日本人の「未熟萌え」の源流は宝塚? 恋愛禁止ルールはいかにして作られたか
「おとぎ芝居」をオペラ風に演じるという基本路線
小林は、この歌劇団が日本における本格的なオペラの一翼を担うことを目指していた。しかし、大正時代の多くの日本人にとって、オペラなどまったく縁のないもので、客足は期待できない。そこで、当時、おとぎ話を芝居に仕組んで演出した「おとぎ芝居」の創作・普及に尽力していた演劇・振り付けの指導者が宝塚に招聘(しょうへい)される。
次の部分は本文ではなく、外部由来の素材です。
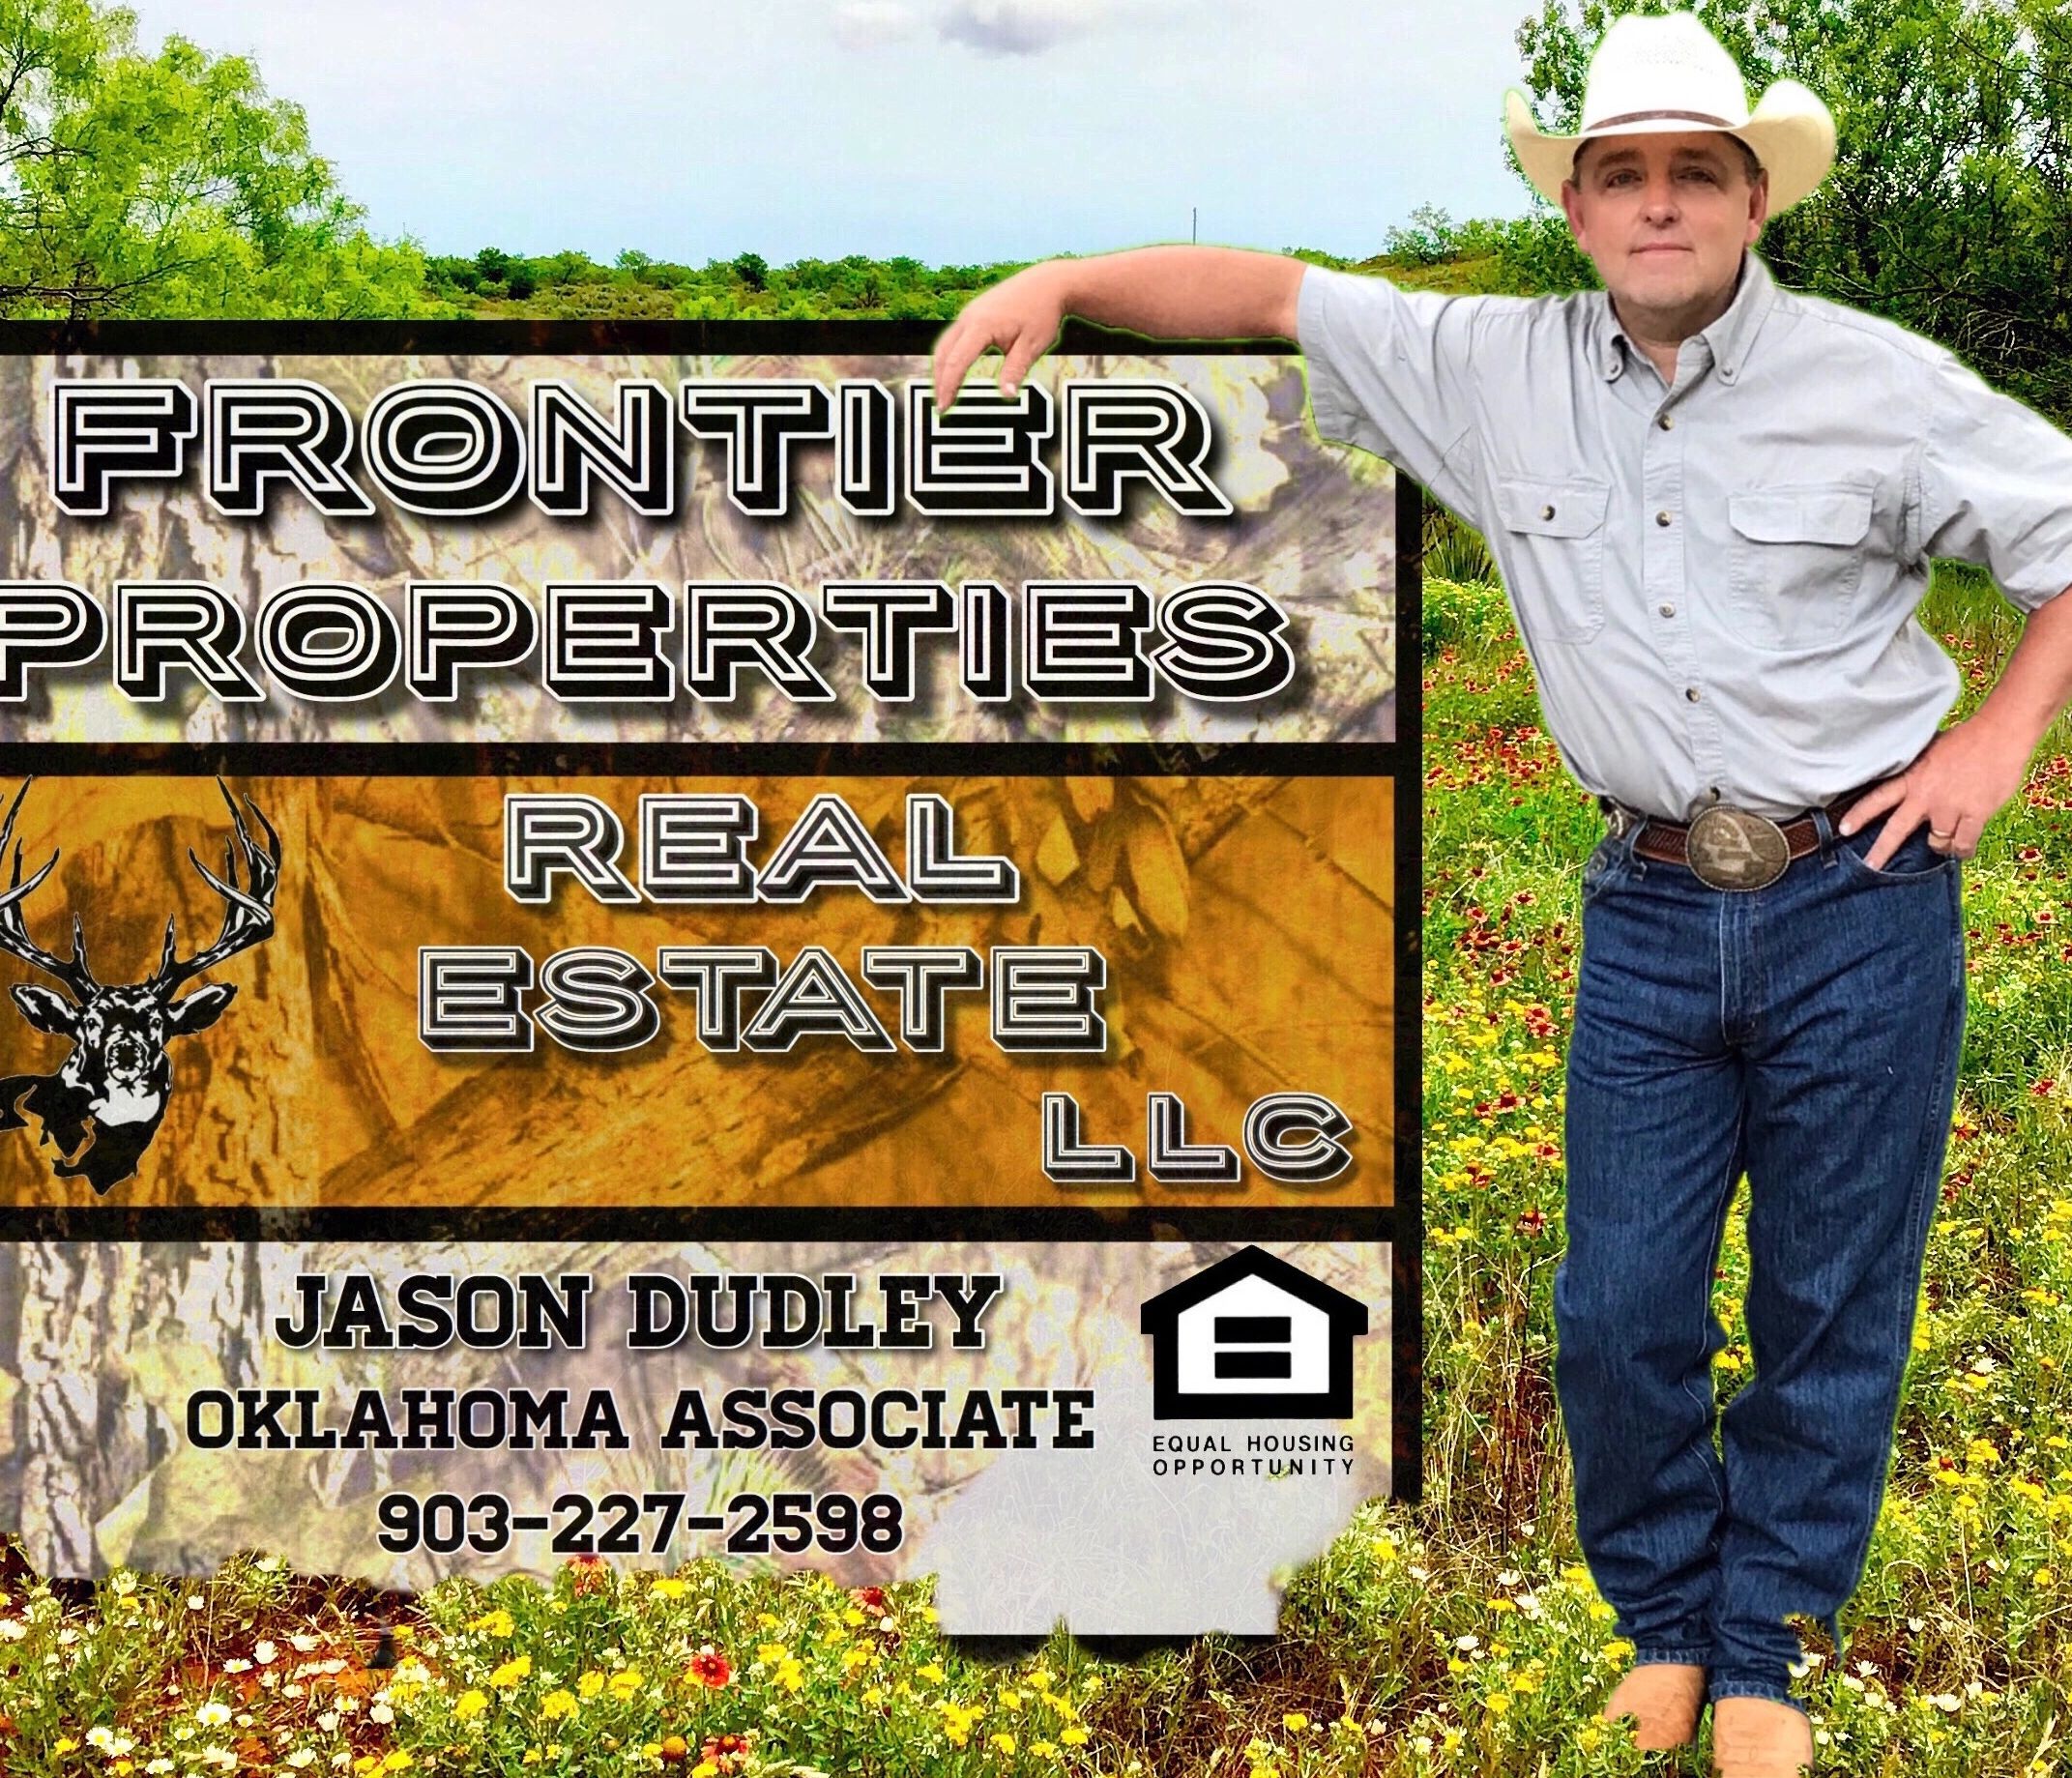 Jason Dudley Frontier Properties

「歌劇」という未知なる西洋文化は、まずは日本人に親しみのあるおとぎ話という表現を経由して事業化されたのである。
宝塚唱歌隊は同年12月、宝塚少女歌劇養成会と改称され、その第1回記念公演が翌年4月に開かれる。このときの演目は、桃太郎を歌劇にした「ドンブラコ」など。いずれも、おとぎ話などの日本の伝統的な要素を西洋音楽の和声に調和させた、和洋折衷の歌劇を目指した演目だった。これ以降、宝塚では「おとぎ芝居」をオペラ風に演じるという基本路線が定まった。
その後も、宝塚では「舌切雀」「猿蟹合戦」「花咲爺」など、おとぎ話や歴史物語を素材にしたお伽歌劇が創作されていく。
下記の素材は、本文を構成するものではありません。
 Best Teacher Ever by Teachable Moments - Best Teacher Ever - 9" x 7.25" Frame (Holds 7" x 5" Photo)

小さな湯の町に花開いた宝塚少女歌劇は、大いに評判を集めた。その事業を拡大していくために、劇団は1919(大正8)年に「宝塚音楽歌劇学校」を創立し、文部省の認可を得る。こうして宝塚は、学校という枠組みを事業に組み込んだ。戦後に設立された渡辺プロダクション、ジャニーズ事務所といった各種芸能事務所は「養成所」を設け、タレントを育成するシステムを採用するが、その第1号が宝塚音楽学校だったことがここから分かるだろう。
ご当地アイドルの誕生
宝塚少女歌劇の好評を受けて、日本各地には類似団体が生まれていった。広島・料亭羽田(はだ)別荘が運営する羽田別荘少女歌劇をはじめとして、大阪・楽天地による琵琶少女歌劇と浪華少女歌劇、横浜・鶴見花月園による花月園少女歌劇、別府・鶴見園による鶴見園女優歌劇、福井・だるま屋百貨店によるだるま屋少女歌劇部(DSK)――いわば「ご当地少女歌劇」ブームが到来したのである。これら一群の少女歌劇のなかでも、大規模だったのは松竹による少女歌劇だった。松竹が設立した歌劇団は、大阪のOSK日本歌劇団や東京の松竹歌劇団(SKD)へと発展し、宝塚と人気を競うこととなる。
SKD、OSK、DSKといったアルファベット3文字の少女歌劇は、現在のAKB48(東京・秋葉原)に始まるSKE48(名古屋・栄)、NMB48(大阪・難波)などの数多くの「ご当地アイドル」に通じる。